Parasite Eve II is not an RE clone nor is it really an RPG: XP is spent like money to upgrade spells, and nothing else. All your stats come from gear, attachments, and a rare consumable that does Max HP +5.
I shares a lot with RE, but imo does everything better - combat is responsive and skill-based and has more depth than it first appears, the puzzles tend to be actual logic puzzles and not "funny shaped key for funny shaped lock", and the story is good enough that finding an answer to the mystery became the main thing carrying me through (not to say that I think the game starts to suck later or anything).

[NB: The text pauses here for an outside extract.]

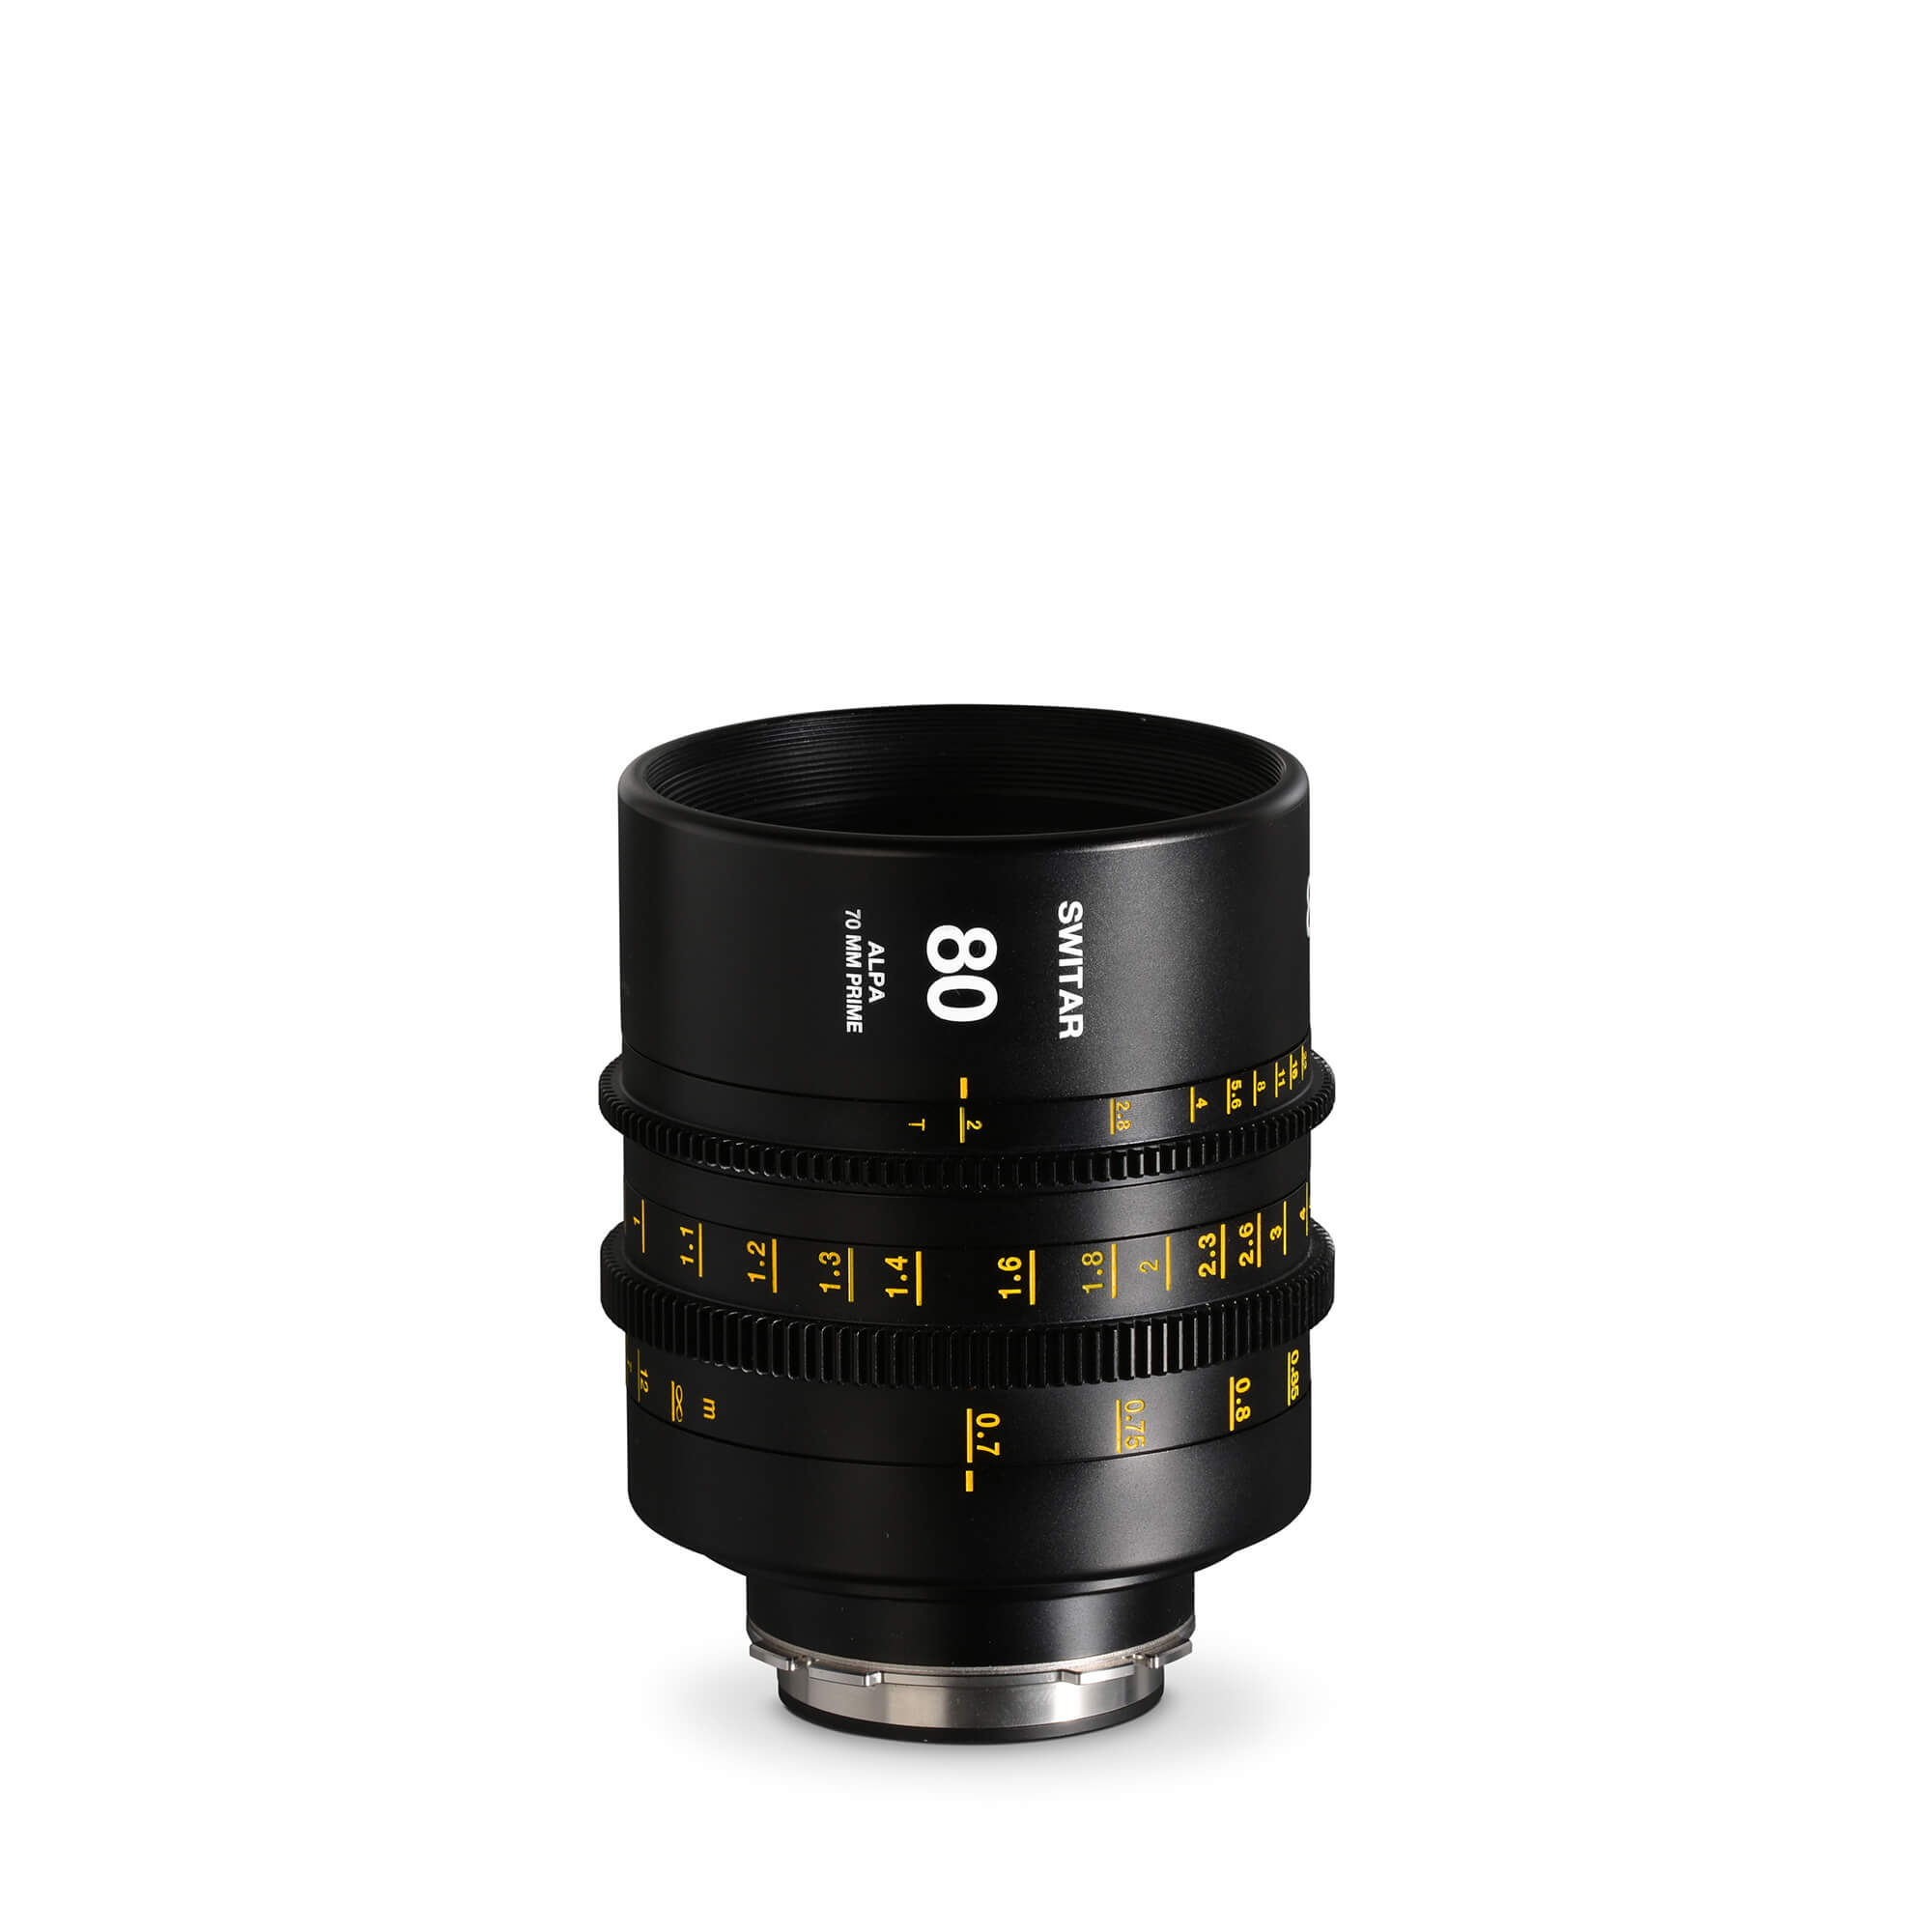 ALPA Switar 2.0/80 mm Cine Prime IC 70 mm - feet

My one complaint about the game is also on the back of a compliment:
You do kinda have to spam the Use button on every surface, because tons and tons of items and puzzles are invisible in plain sight, as are some
essential key items.
The upside of this is the flavour texts do a very good job of developing Aya Brea as a character: she'll comment on things
you might not even have noticed, and in doing so build up an image of how much she's into cars, guns, her sense of morality, or even drop subtle clues about the plot or super secrets.
If anyone's interested in it, I will give one warning:
Remember that it's a PS1 game from before a lot of gaming conventions were entrenched. It uses tank controls, it has tons of easily missable content, doesn't explain its mechanics well, and controls are weird -- manual reloading in combat requires
pre-combat preparation, for example.